Het college heeft een verweerschrift ingediend.
Het onderzoek ter zitting heeft plaatsgevonden op 15 april 2015. Appellante is verschenen, bijgestaan door P. Ruis. Het college heeft zich laten vertegenwoordigen door mr. I. Plaisier.

OVERWEGINGEN

1. De Raad gaat uit van de volgende feiten en omstandigheden.
1.1.
Het college heeft aan appellante voor 2011 een persoonsgebonden budget (pgb) toegekend voor huishoudelijke verzorging op grond van de Wet maatschappelijke ondersteuning (Wmo).
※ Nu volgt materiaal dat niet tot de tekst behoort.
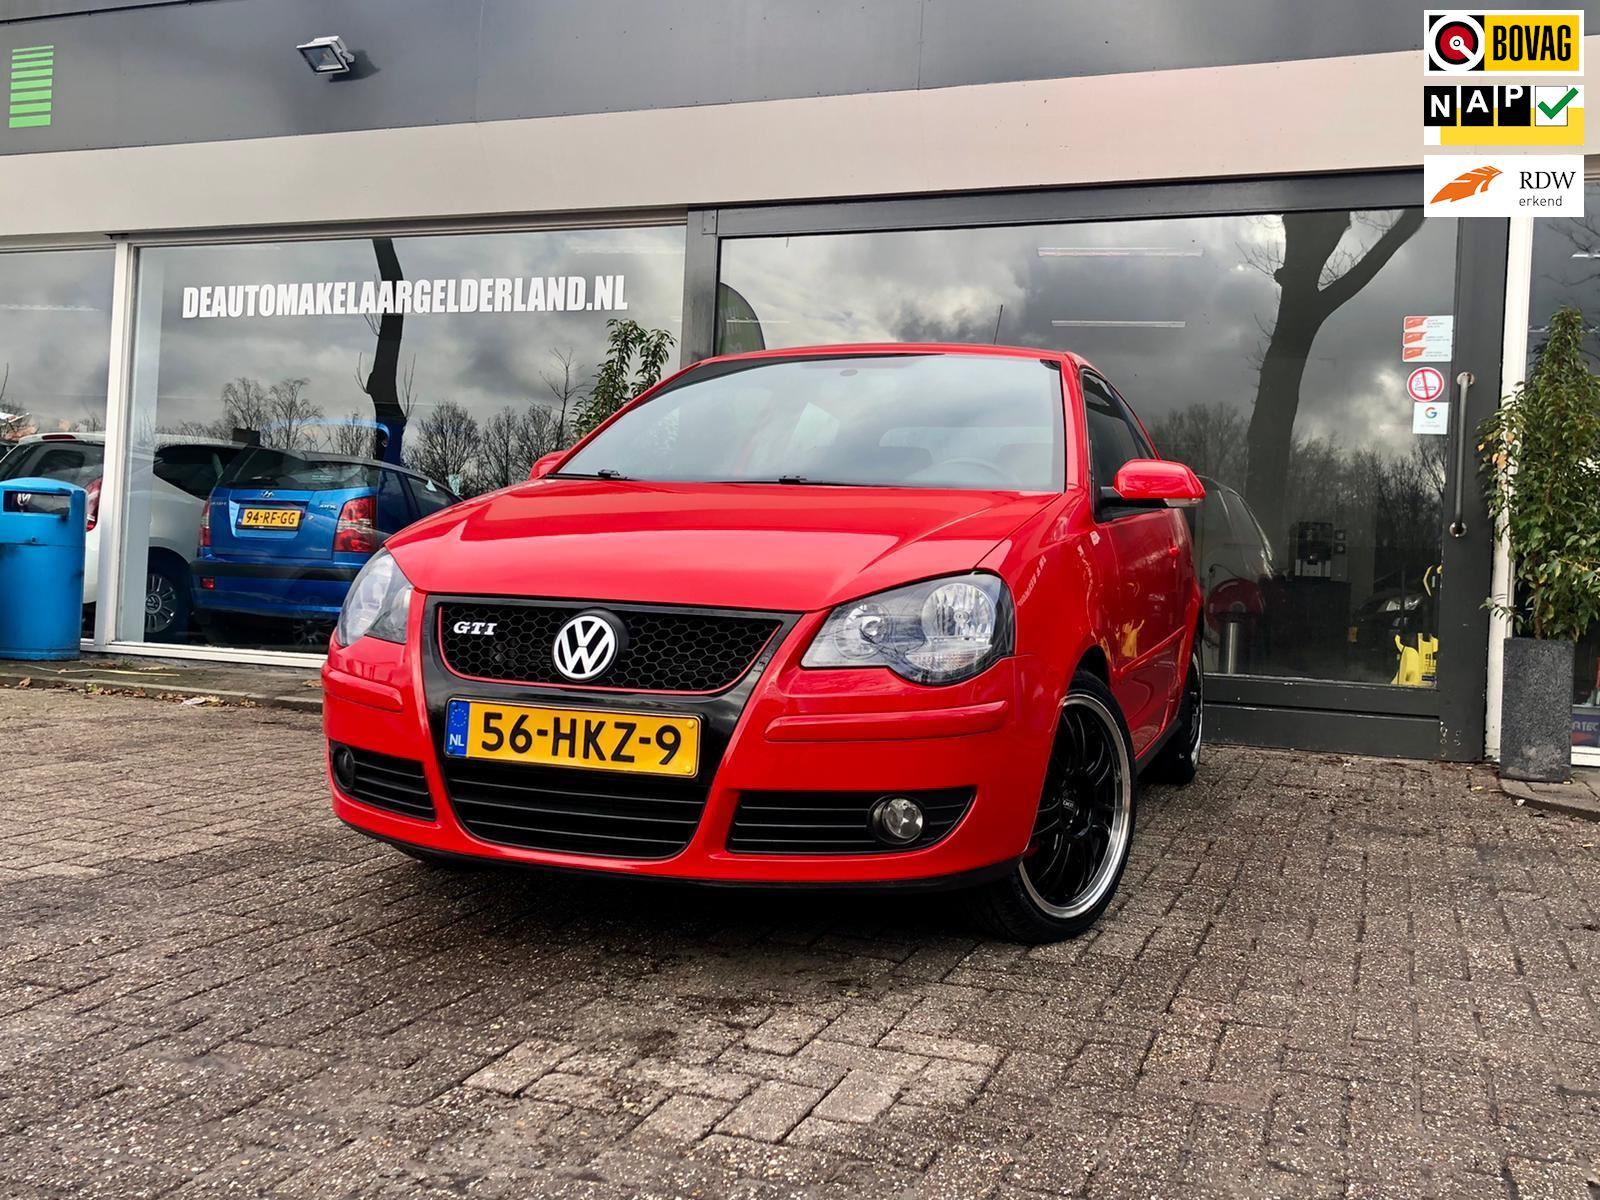 Volkswagen Polo occasion - De Automakelaar Gelderland

Het in 2011 door appellante ontvangen pgb bedroeg in totaal
€ 1.752,81.
1.2.
In maart 2012 heeft appellante verantwoordingslijsten, zorgcontracten en bankafschriften aan het college toegestuurd ter verantwoording van het in 2011 door haar ontvangen pgb.
1.3.
Bij besluit van 7 augustus 2012, na bezwaar gehandhaafd bij besluit van 6 november 2012 (bestreden besluit), heeft het college het pgb over 2011 herzien tot € 0,00 en het ontvangen pgb van € 1.752,81 van appellante teruggevorderd. Het college heeft hieraan ten grondslag gelegd dat in de door appellante met zorgverleners [naam A] en [naam B] gesloten zorgcontracten adressen in Polen staan vermeld en dat appellante niet aannemelijk heeft gemaakt dat [naam A] en [naam B] in 2011 in Nederland woonden. Omdat het niet mogelijk is om vanuit Polen huishoudelijke verzorging in Nederland te verlenen, heeft appellante niet de zorg ontvangen van degenen met wie ze een zorgcontract heeft afgesloten en is het pgb onvoldoende verantwoord.
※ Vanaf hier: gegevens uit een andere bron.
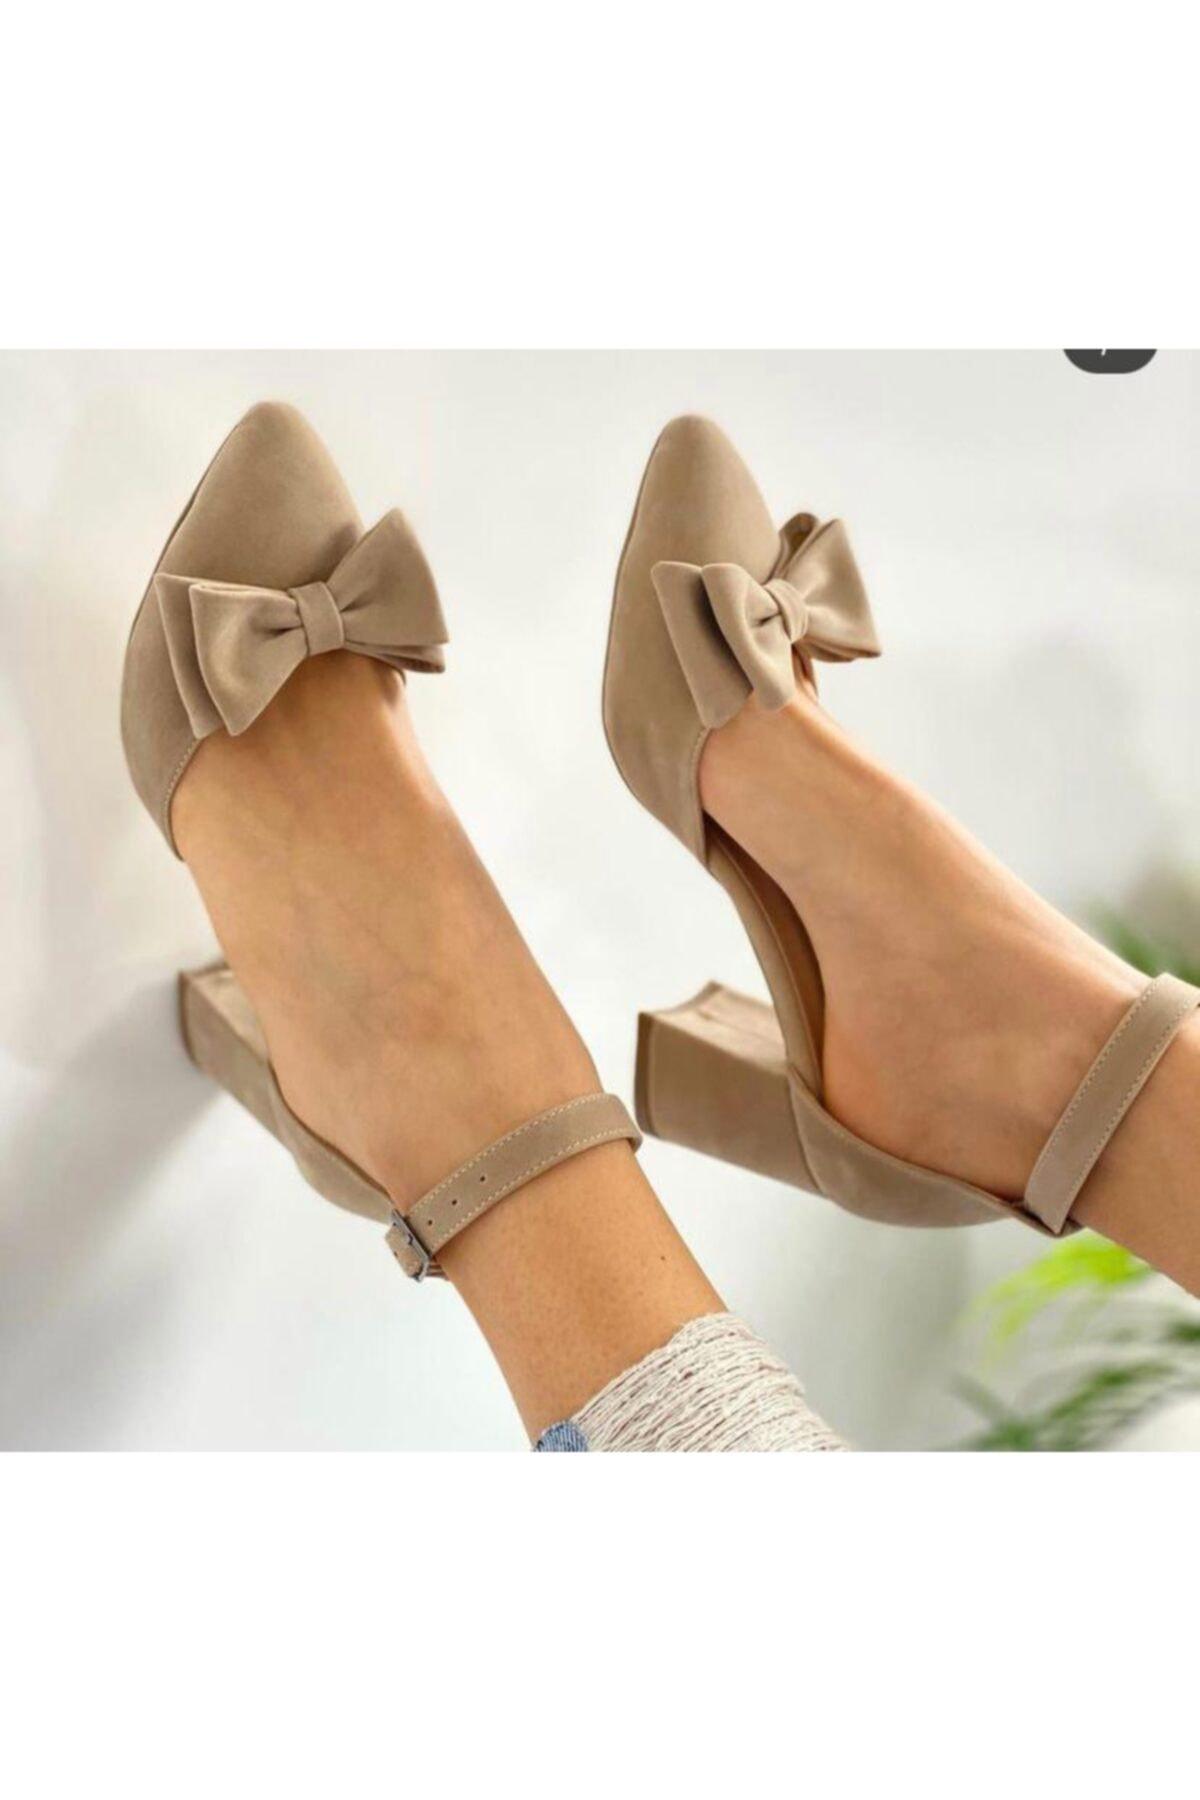 Kadın Topuklu Fiyonk Modellı Ayakkabısı

2. Bij de aangevallen uitspraak heeft de rechtbank het beroep tegen het bestreden besluit ongegrond verklaard. De rechtbank heeft overwogen dat aan de hand van de door appellante in beroep overgelegde verklaringen niet aannemelijk is geworden dat [naam A] en [naam B] in 2011 in Nederland woonden en daarmee ook niet dat zij huishoudelijke verzorging aan appellante hebben verleend. Appellante heeft het pgb dan ook niet op juiste wijze verantwoord en het college was bevoegd om over te gaan tot herziening en terugvordering van het pgb.
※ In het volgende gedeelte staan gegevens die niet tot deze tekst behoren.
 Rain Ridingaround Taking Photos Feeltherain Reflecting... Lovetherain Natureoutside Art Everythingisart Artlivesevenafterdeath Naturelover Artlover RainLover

3. Appellante heeft zich in hoger beroep gemotiveerd tegen de aangevallen uitspraak gekeerd en zich op het standpunt gesteld dat [naam A] en [naam B] in 2011 in [woonplaats] verbleven en dat zij aan appellante huishoudelijke verzorging hebben verleend. Ter onderbouwing van dit standpunt heeft appellante (getuigen)verklaringen, twee huurovereenkomsten en kwitanties van huurbetalingen overgelegd.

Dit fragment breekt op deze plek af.